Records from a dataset
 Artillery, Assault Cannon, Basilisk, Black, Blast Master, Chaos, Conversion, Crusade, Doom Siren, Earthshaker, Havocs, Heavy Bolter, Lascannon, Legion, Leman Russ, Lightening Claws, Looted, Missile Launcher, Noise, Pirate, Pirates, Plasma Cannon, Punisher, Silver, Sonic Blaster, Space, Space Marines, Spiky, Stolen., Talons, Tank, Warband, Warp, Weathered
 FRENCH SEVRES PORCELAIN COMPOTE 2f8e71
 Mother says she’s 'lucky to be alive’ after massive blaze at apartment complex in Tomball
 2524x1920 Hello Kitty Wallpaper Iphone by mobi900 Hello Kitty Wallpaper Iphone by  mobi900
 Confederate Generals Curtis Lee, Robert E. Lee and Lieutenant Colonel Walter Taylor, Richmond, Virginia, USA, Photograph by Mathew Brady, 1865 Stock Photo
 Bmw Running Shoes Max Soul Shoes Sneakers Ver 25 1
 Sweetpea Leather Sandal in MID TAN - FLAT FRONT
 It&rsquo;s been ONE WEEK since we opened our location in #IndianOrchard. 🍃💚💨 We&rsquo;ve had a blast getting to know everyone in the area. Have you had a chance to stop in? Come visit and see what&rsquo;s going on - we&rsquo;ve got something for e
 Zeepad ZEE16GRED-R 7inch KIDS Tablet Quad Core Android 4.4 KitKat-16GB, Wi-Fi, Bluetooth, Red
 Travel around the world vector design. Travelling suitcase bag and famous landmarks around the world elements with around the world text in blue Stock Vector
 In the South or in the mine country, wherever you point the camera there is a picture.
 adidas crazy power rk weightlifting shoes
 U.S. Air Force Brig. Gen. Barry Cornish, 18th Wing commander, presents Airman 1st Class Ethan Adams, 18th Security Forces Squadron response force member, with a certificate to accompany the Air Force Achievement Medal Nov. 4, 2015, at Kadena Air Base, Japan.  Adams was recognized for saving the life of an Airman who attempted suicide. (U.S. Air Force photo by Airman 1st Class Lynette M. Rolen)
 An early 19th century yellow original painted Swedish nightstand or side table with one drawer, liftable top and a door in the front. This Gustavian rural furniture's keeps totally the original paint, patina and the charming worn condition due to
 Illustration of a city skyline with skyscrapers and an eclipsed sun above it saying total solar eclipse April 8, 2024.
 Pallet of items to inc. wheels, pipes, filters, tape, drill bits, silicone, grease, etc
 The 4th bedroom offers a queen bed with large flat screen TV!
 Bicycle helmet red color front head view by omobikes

→ **EXERCISE AIM**
All lines above from the one with "Mother says she’s" to the one with "It&rsquo;s been ONE", inclusive, should be copied exactly, and no other lines.

→ **OUTPUT FOR THIS TASK**
 Mother says she’s 'lucky to be alive’ after massive blaze at apartment complex in Tomball
 2524x1920 Hello Kitty Wallpaper Iphone by mobi900 Hello Kitty Wallpaper Iphone by  mobi900
 Confederate Generals Curtis Lee, Robert E. Lee and Lieutenant Colonel Walter Taylor, Richmond, Virginia, USA, Photograph by Mathew Brady, 1865 Stock Photo
 Bmw Running Shoes Max Soul Shoes Sneakers Ver 25 1
 Sweetpea Leather Sandal in MID TAN - FLAT FRONT
 It&rsquo;s been ONE WEEK since we opened our location in #IndianOrchard. 🍃💚💨 We&rsquo;ve had a blast getting to know everyone in the area. Have you had a chance to stop in? Come visit and see what&rsquo;s going on - we&rsquo;ve got something for e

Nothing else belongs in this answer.